There was already a discussion on this previously (and also a poll), that I will try to quickly summarize. For those that wish to wish to read through previous discussions here are the main links:

As @Bob_Carpenter mentioned in the previous Discourse thread

target += foo_lpdf(y | theta);

and

y ~ foo(theta);

behave differently. The functional form and hence target += includes normalizing constants (like log√2π in normal_lpdf). The sampling statement form (with ~ ) drops normalizing constants in the samplers and optimizers.

Based on the poll done in the linked Discourse thread, the version that “won” was the _lupdf suffix for unnormalized form.

Meaning that

target += foo_lupdf(y | theta);

would be equal to

y ~ foo(theta);

as in both would drop the normalizing constant as the tilde statement already does. And

target += foo_lpdf(y | theta);

would stay the normalized form as it is currently.

The unnormalized form would be allowed in the model block, the _lpdf / _lpmf function body, and the _lp function body. It would not be allowed in any other block. For reasons on why see Niko’s comment here.

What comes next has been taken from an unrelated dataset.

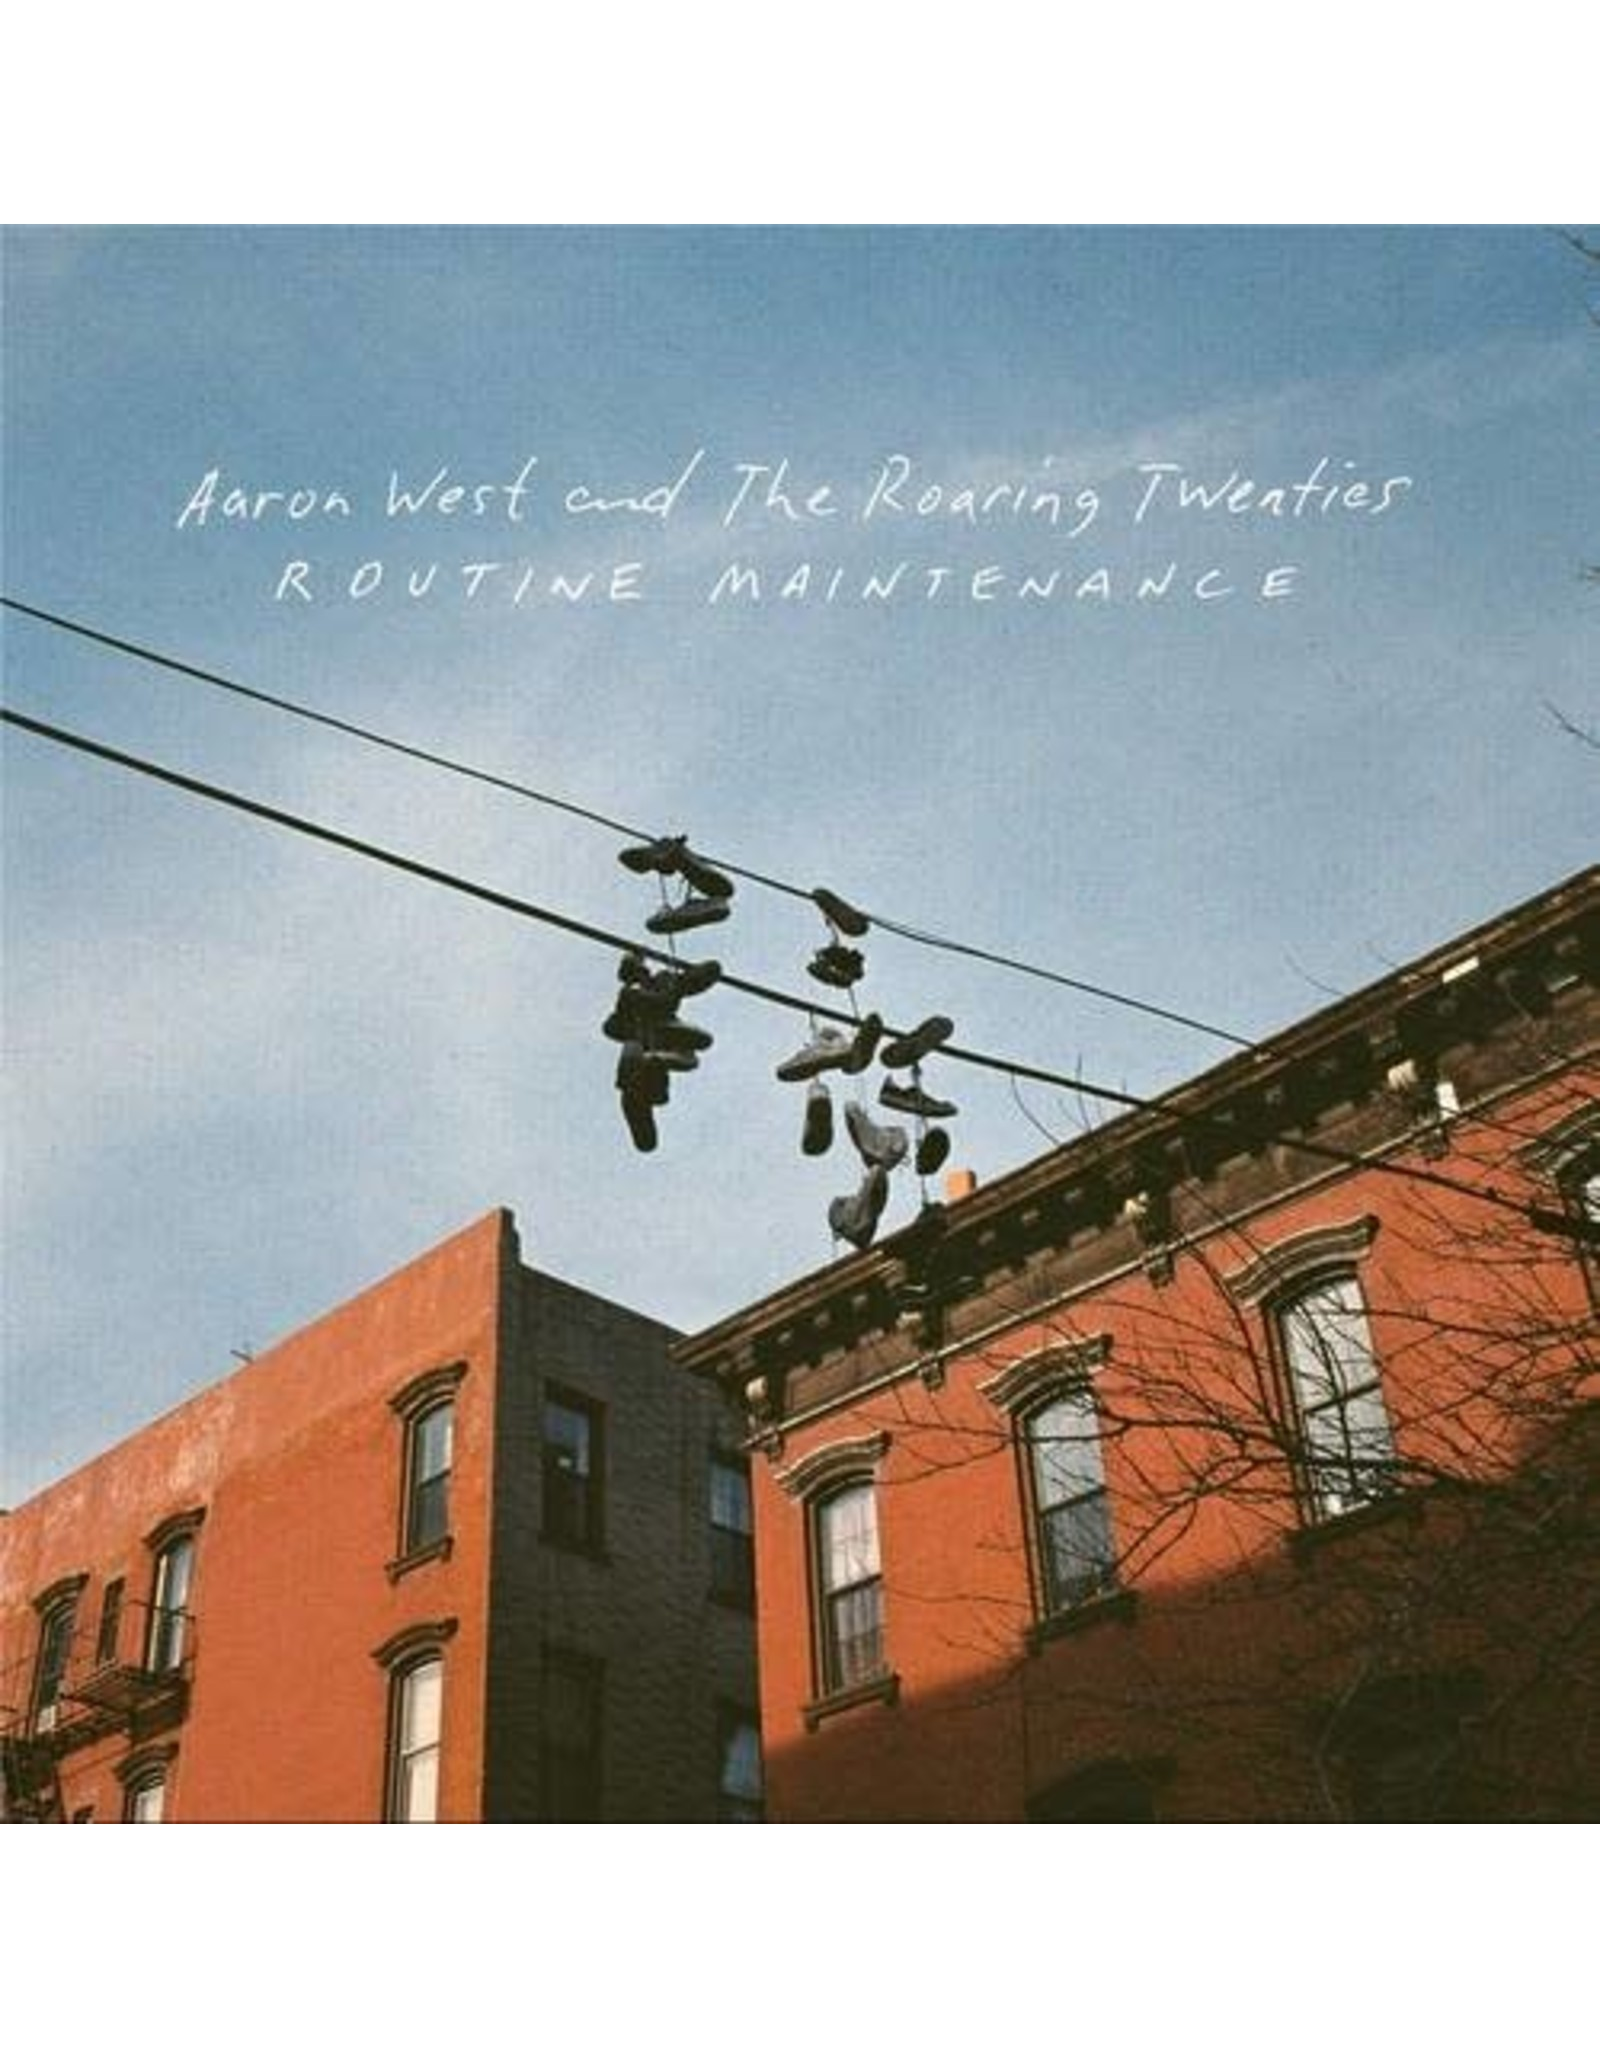 West, Aaron & the Roaring Twenties - Routine Maintenance LP

The suffix would work for all lpdfs/lpmfs defined in the Stan Math library, as well as for user-defined lpdfs/lpmfs. The way it would work for user-defined functions is described in the example below. See comment next to the calls.

functions {
    real foo_lpdf(real y, real x) {
        return normal_lupdf(y| x, 1);
    }
    real goo_lpdf(real y, real x) {
        return normal_lpdf(y| x, 1);
    }
}
parameters {
    real y;
}
model{
    target += foo_lpdf(y| x); // normal_lpdf would be normalized
    target += foo_lupdf(y| x); // normal_lpdf would be unnormalized
    target += goo_lpdf(y| x); // normal_lpdf would be normalized
    target += goo_lupdf(y| x); // normal_lpdf would be normalized
}

And a UDF with a _lupdf suffix would not be allowed.

functions {
    real foo_lupdf(real y, real x) {
        //...
    }
}

There is also an option to allow for a stanc flag (for example “–unnormalized”) that would use the unnormalized form in all applicable cases. This is not implemented right now, but could also be if others find it useful.

If anyone has any thoughts on this, please comment. I don’t have any strong feelings on _lupdf vs _unnormalized_lpdf etc. We merely implemented what was the answer that “won”. But there is still time to rethink this.

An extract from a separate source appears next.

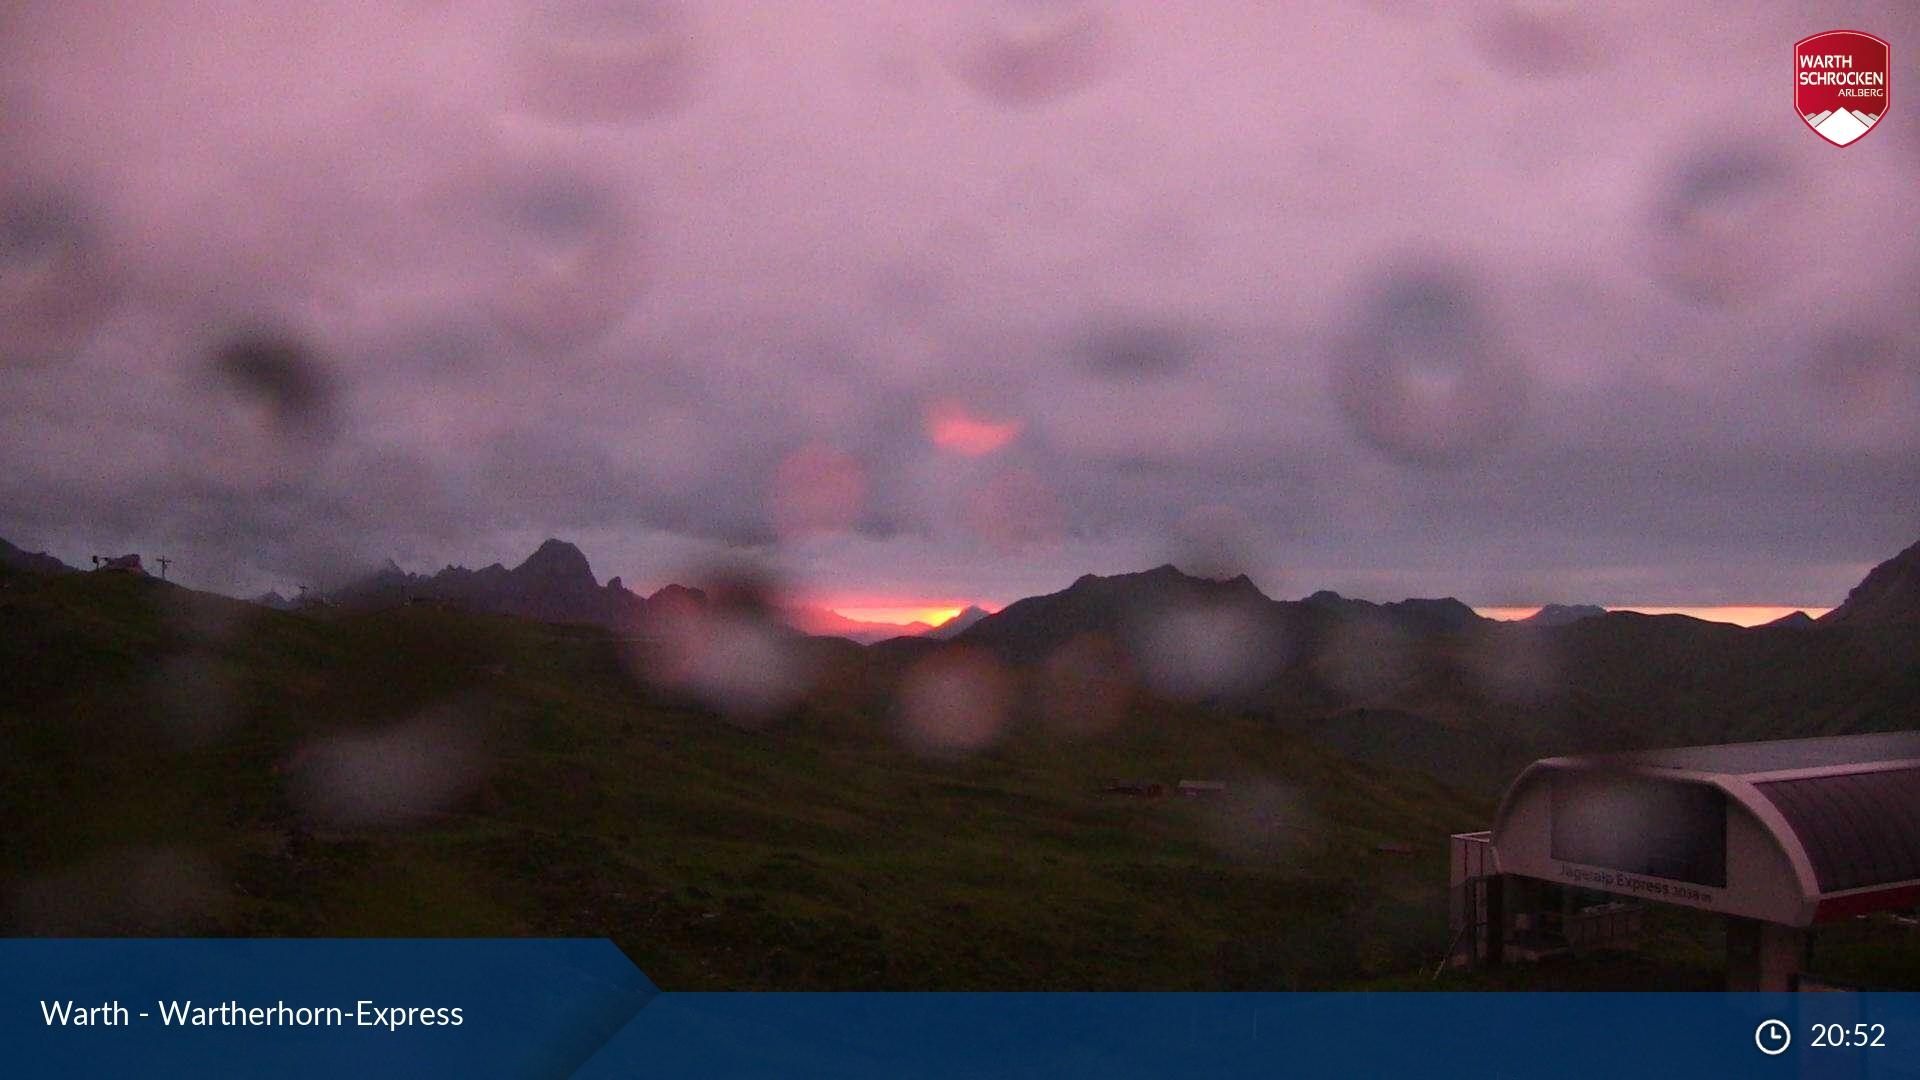 Ski Arlberg - Warth webcam - Wartherhorn Express

Please tag anyone you feel might have thoughts on this.

6 Likes

Great summary.

This would be useful for quick testing of speed difference, but it’s dangerous in cases where normalized is actually needed as in mixture weights.

3 Likes

The “unnormalized” version does not drop only the normalization constants but also everything else that is not relevant for computing the autodiff gradient. That means the output of an unnormalized pdf is nondeterministic and context dependent.

Normalized PDFs are easy.

target += normal_lpdf(x| mu, sigma);

is always equivalent to

target += -0.5*square(x-mu)/sigma - log(sigma) - 0.5*log(2*pi());

Now let’s consider unnormalized PDF.

target += normal_lupdf(x| mu, sigma);

When both mu and sigma are unknown parameters the above is equivelent to

target += -0.5*square(x-mu)/sigma - log(sigma);

The obvious constant 0.5*log(2*pi()) is removed for efficiency. So far so good.
But supposed that sigma is known data. In that case the unnormalized PDF becomes

target += -0.5*square(x-mu)/sigma;

In the context of this particular model log(sigma) is constant and can be dropped. Note that there is no way to decide whether a given variable is data or parameter other than to look up where it was originally defined, possibly following it through function calls. The same function may have different results when called from transformed data block and model block in the same model. The restrictions on _lupdfs are there to avoid this weirdness.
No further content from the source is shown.